Asian stock markets mostly up on the heels of improving small business sentiment in the US

BANGKOK – Enthusiasm on Wall Street sparked by another positive report on the U.S. economy helped push most Asian stock markets higher Wednesday.

The National Federation of Independent Business reported a slight improvement in confidence among small business owners in the U.S. in April. That helped boost the Dow Jones industrial average to close at a record high Tuesday.

“A combination of further improvement of economic performance and low inflation in the US should keep risk appetite buoyant,” said analysts at Credit Agricole CIB in Hong Kong in an email commentary.

Japan’s Nikkei 225 index surged 2.3 per cent to 15,096.97. Hong Kong’s Hang Seng rose 0.4 per cent to 23,017.70. Benchmarks in Singapore, Taiwan, the Philippines and Indonesia also rose.

South Korea’s Kospi dipped 0.2 per cent to 1,965.19 while Australia’s S&P/ASX 200 shed 0.8 per cent to 5,180.20.

Also helping to shore up the mood were figures, released Tuesday, showing industrial production among the 17 countries that use the euro rose a better-than-expected 1 per cent in March. The figures raised some expectations that Europe’s recession may have ended. The first estimate of the euro currency region’s gross domestic product in the first three months is due for release Wednesday.

The Dow Jones industrial average rose 0.8 per cent, to 15,215.25. The S&P 500 index jumped 1 per cent, to 1,650.34. Both closed at all-time highs after stalling on Monday.

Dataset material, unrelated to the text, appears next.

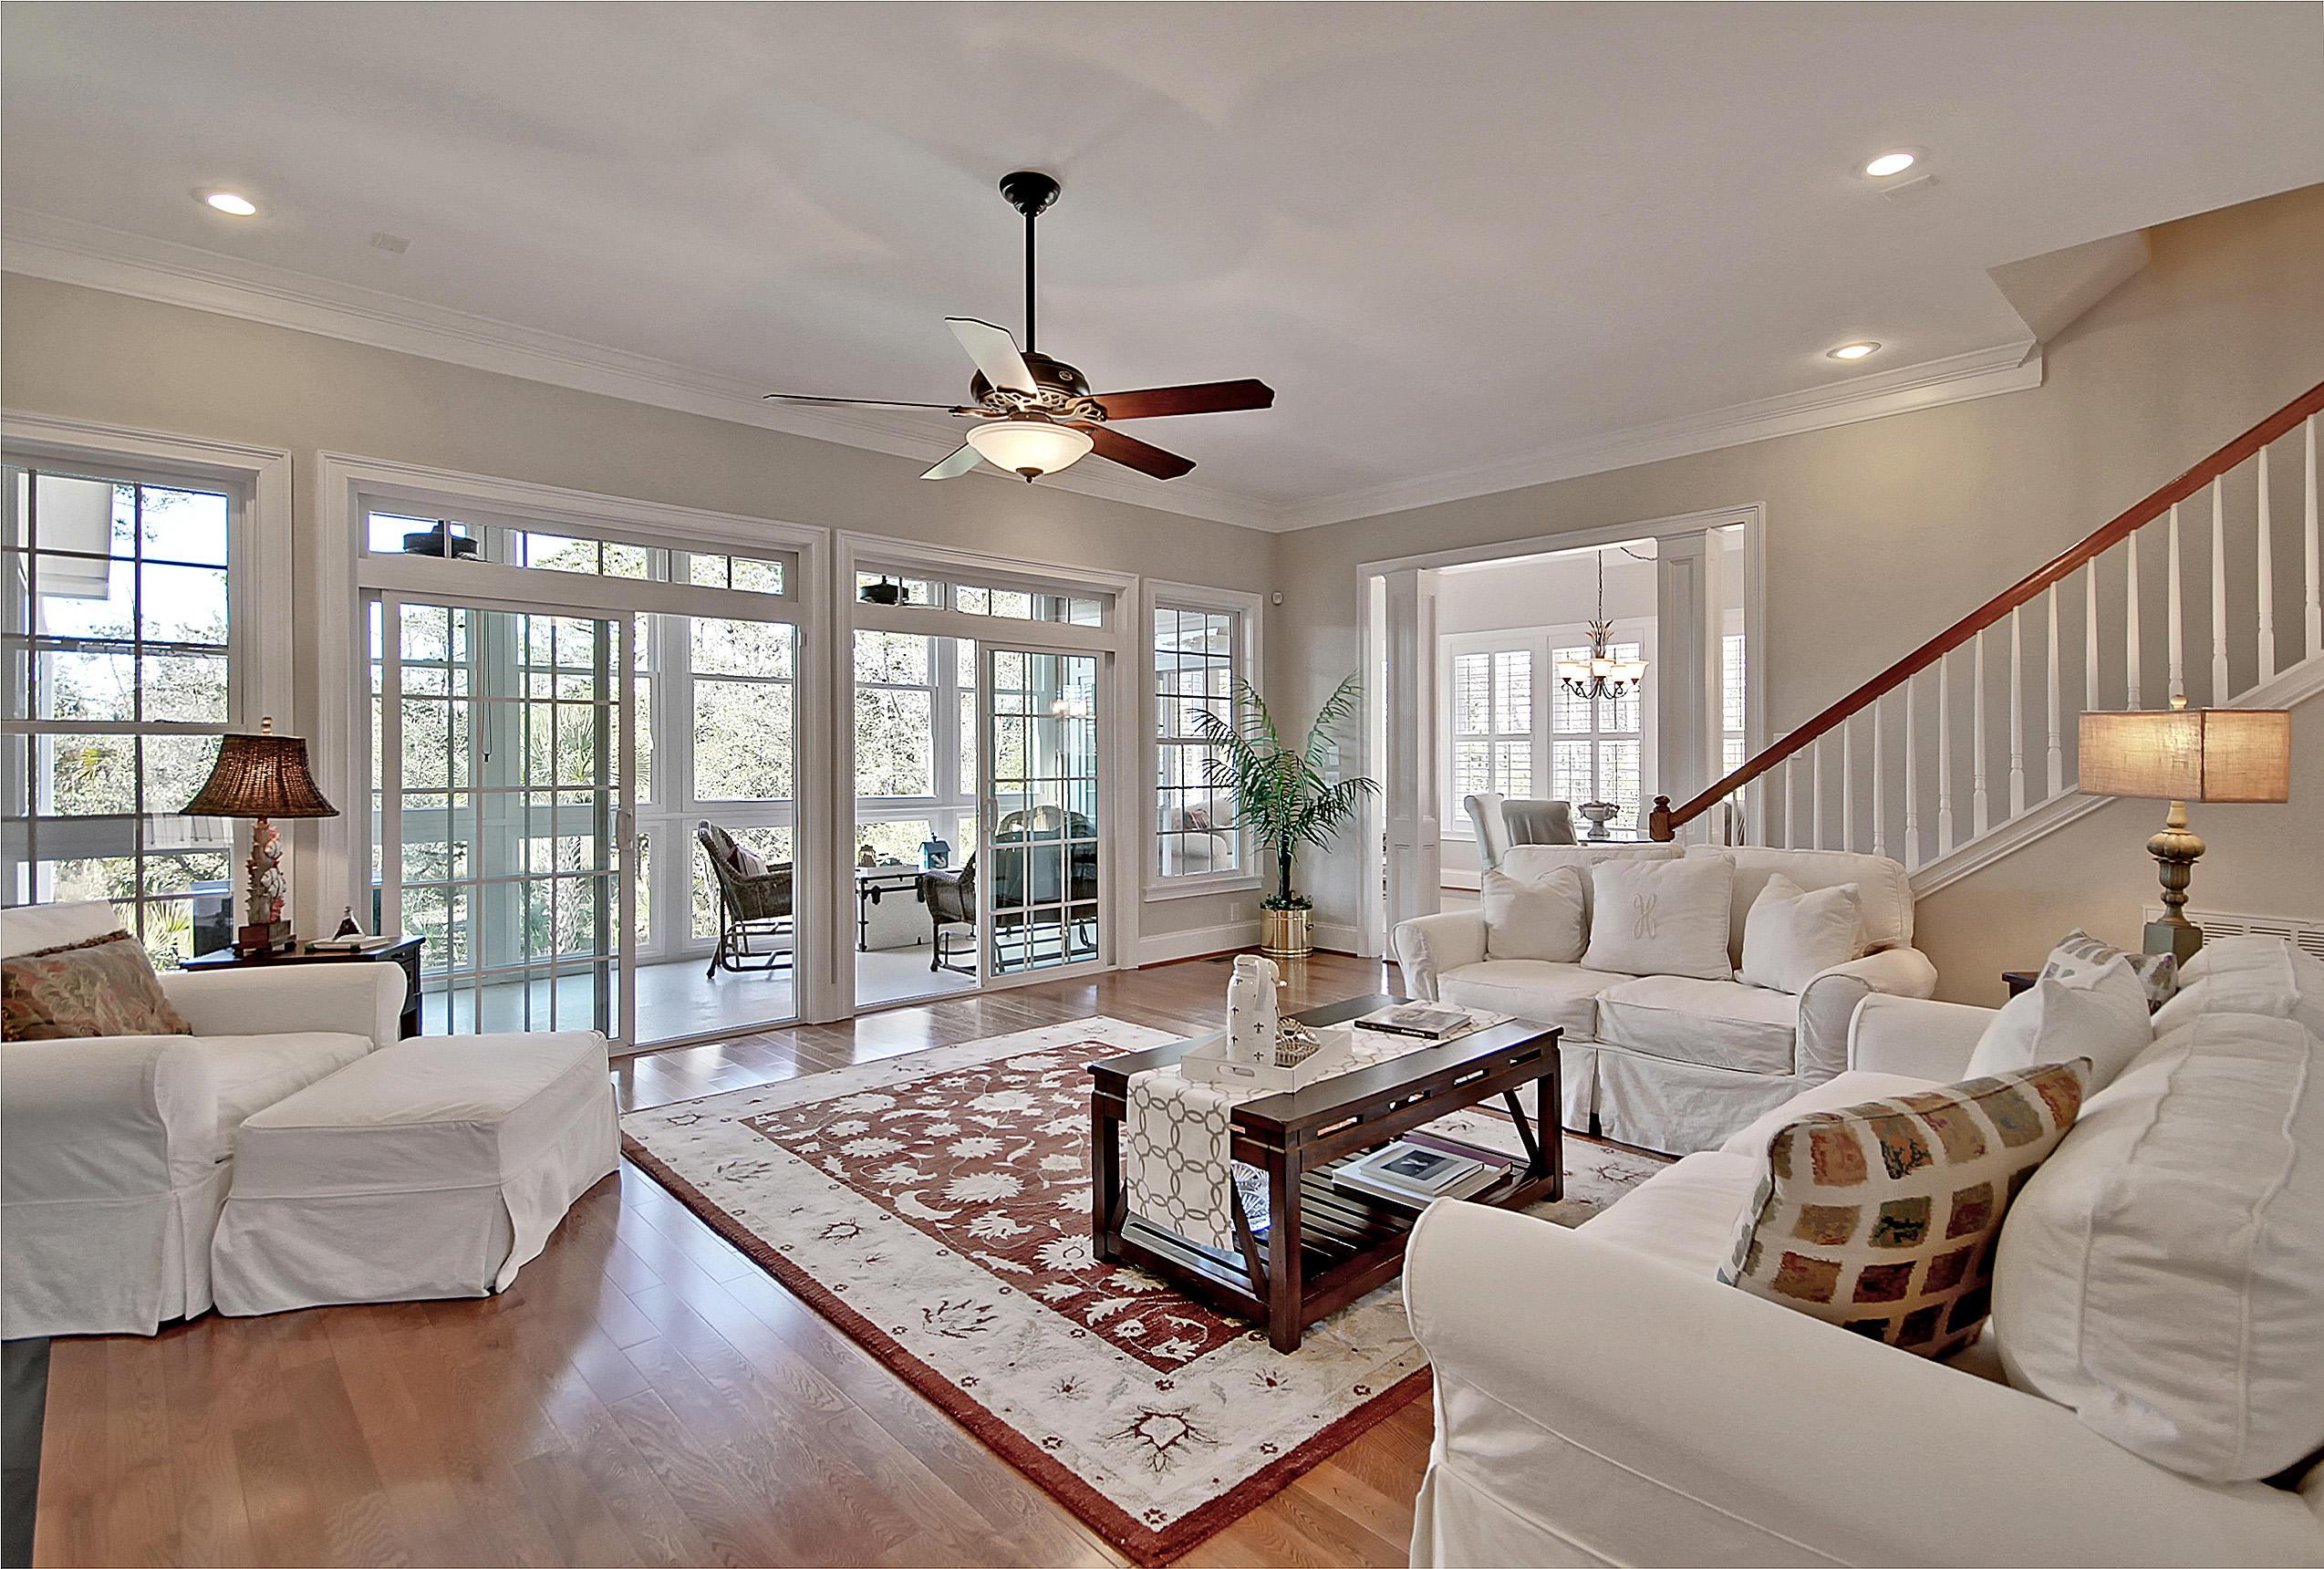 Dunes West Homes For Sale - 2721 Fountainhead, Mount Pleasant, SC - 57

The Nasdaq composite index rose 0.7 per cent, to 3,462.61.

Benchmark oil for June delivery rose was up 12 cents to $94.33 per barrel in electronic trading on the New York Mercantile Exchange. The contract dropped 96 cents to close at $94.21 a barrel on the Nymex on Tuesday.

In currencies, the euro fell to $1.2925 from $1.2937 late Tuesday in New York. The dollar fell to 102.18 yen from 102.24 yen.